Preferably, in the above compound, the L 1 Selected from the group consisting of the groups indicated by III-1 to III-15 below:
wherein,
Z 11 、Z 12 each independently selected from the group consisting of hydrogen, deuterium hydrogen, halogen, hydroxy, nitrile, nitro, amino, amidino, hydrazine, hydrazone, carboxyl, carboxylate, sulfonate, phosphate, C 1 -C 40 Alkyl, C 2 -C 40 Alkenyl, C 2 -C 40 Alkynyl, C 1 -C 40 Alkoxy, C 3 -C 40 Naphthene radical, C 3 -C 40 Cycloalkenyl, substituted or unsubstituted C 6 -C 60 Aryl, substituted or unsubstituted C 6 -C 60 Aryloxy, substituted or unsubstituted C 6 -C 60 Aryl sulfide group, or substituted or unsubstituted C 2 -C 60 A group consisting of heteroaryl groups;
Z 13 is substituted or unsubstituted C 6 -C 60 Aryl, substituted or unsubstituted C 6 -C 60 Aryloxy, substituted or unsubstituted C 6 -C 60 Aryl sulfide group, or substituted or unsubstituted C 2 -C 60 One or more of the heterocyclic aryl groups;
y1 is an integer from 1 to 4; y2 is an integer from 1 to 6; y3 is an integer from 1 to 3; y4 is an integer from 1 to 5;
T 2 is a single bond, an oxygen atom or a sulfur atom;
is Ar with 1 Or a linkage of a phenanthridine main structure.
In the present invention, the term "substituted or unsubstituted" means that the compound is selected from hydrogen, deuterium, halogen atom, hydroxyl group, nitrile group, nitro group, amino group, amidino group, hydrazine group, hydrazone group, carboxyl group, carboxylate group, sulfonate group, phosphate group, C 1 -C 60 Alkyl, C 2 -C 60 Alkenyl, C 2 -C 60 Alkynyl, C 1 -C 60 Alkoxy, C 3 -C 60 Cycloalkyl, C 3 -C 60 Cycloalkenyl, C 6 -C 60 Aryl, C 6 -C 60 Aryloxy, C 6 -C 60 Aryl sulfide group and C 2 -C 60 More than 1 substituent in the heterocyclic aryl group is substituted or unsubstituted, or a substituent formed by connecting more than 2 substituents in the above-mentioned substituents is substituted or unsubstituted.

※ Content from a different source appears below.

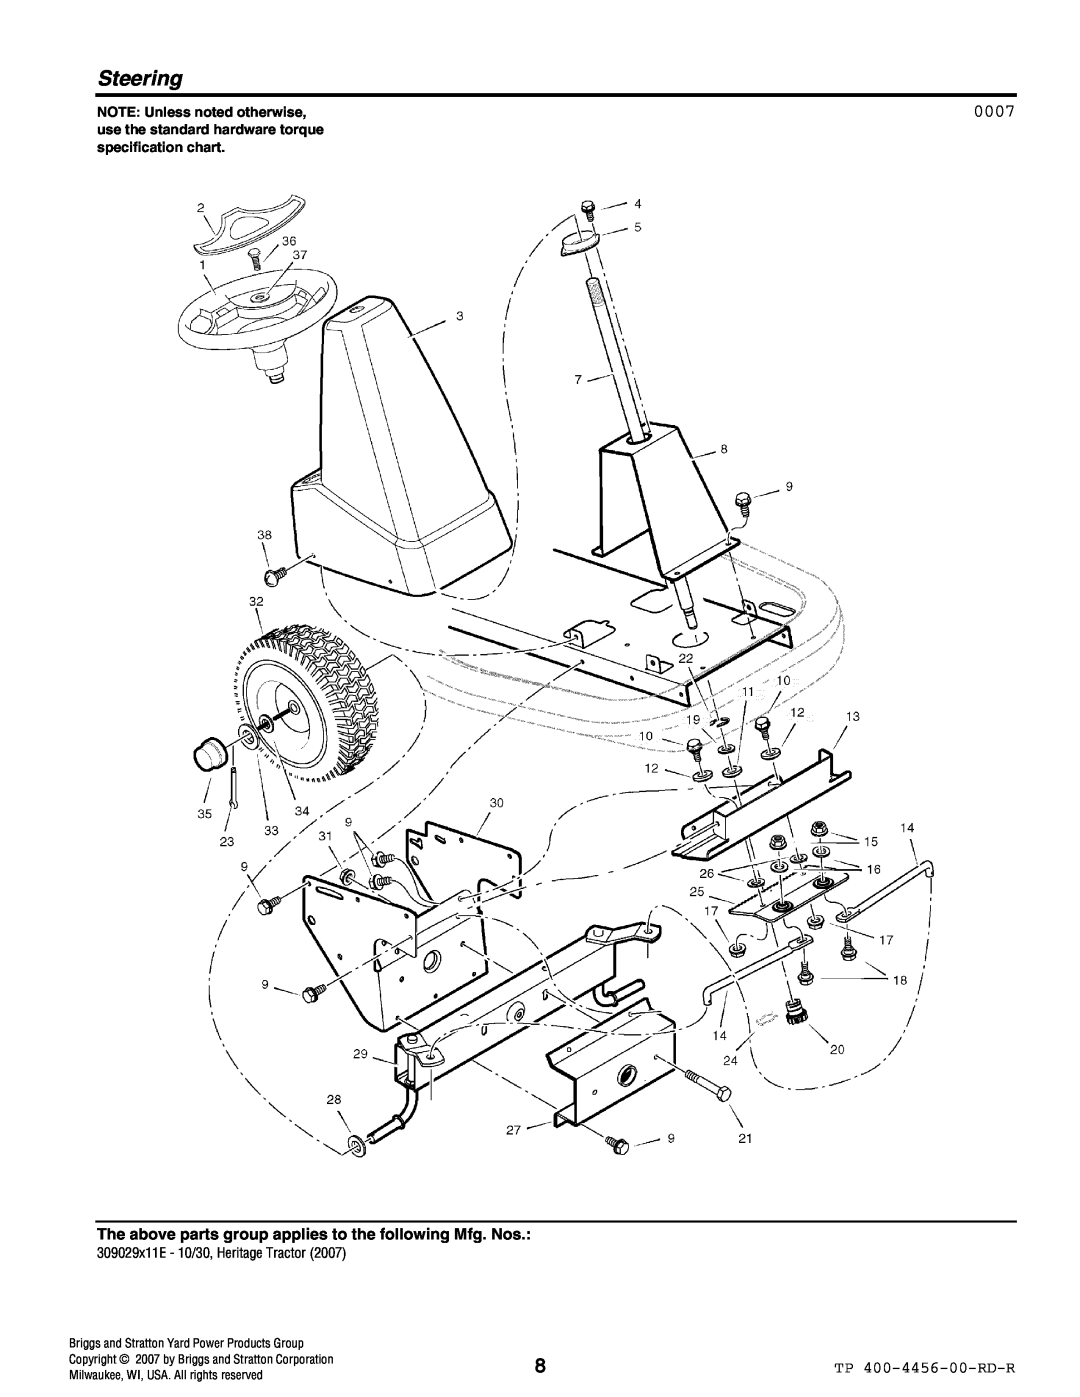 Hayter Mowers 10/30 manual Steering, 0007, TP 400-4456-00-RD-R, NOTE: Unless noted otherwise 
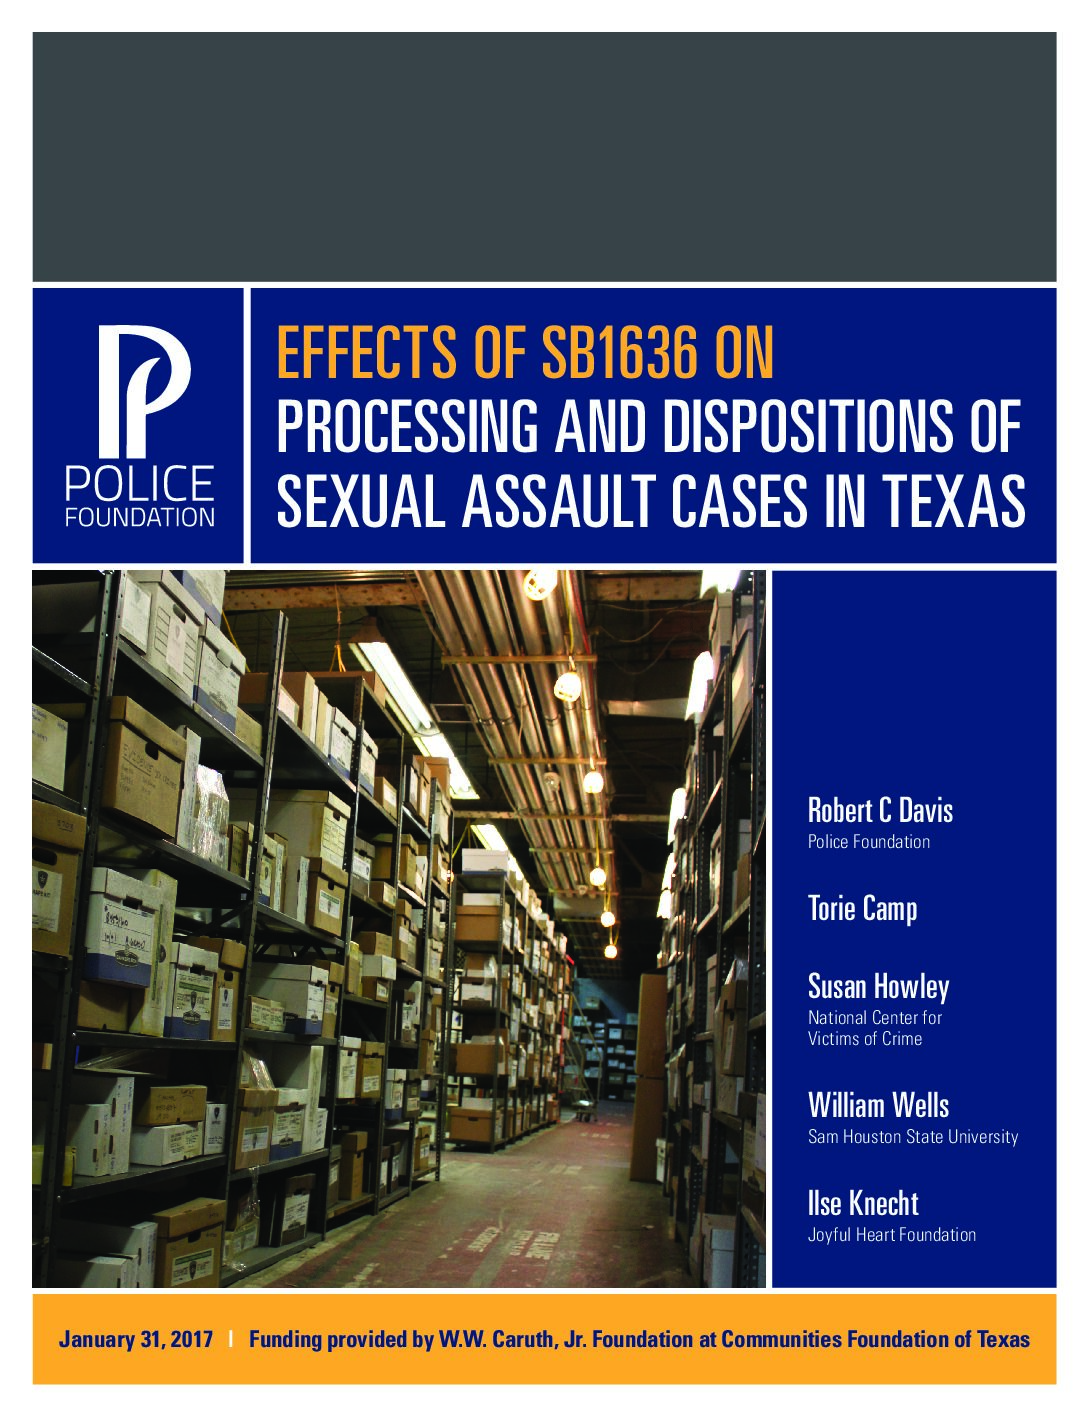 PF_Effects-of-SB1636-on-Processing-and-Dispositions-of-Sexual-Assault-Cases-in-Texas pdf

Preferably, the phenanthridine derivative is selected from the group consisting of compounds represented by the following formulas J383-J474:
wherein-y—isselected from-O-, S-, or one of the following structures:
*—T 3 -O-, S-, or one of the following structures:
* And- (ii) is a bond.
The invention also provides a preparation method of the phenanthridine derivative, which is shown in scheme 1:
in the case of scheme 1, the method comprises,
in scheme 1, the symbols used are as defined in formula (I), and X is Cl, br or I;
the raw materials for synthesizing the compound shown in the formula (I) can be purchased through commercial paths, and the method principles, the operation process, the conventional post-treatment, the column purification, the recrystallization purification and other means are well known to the synthesis personnel in the field, so that the synthesis process can be completely realized to obtain the target product.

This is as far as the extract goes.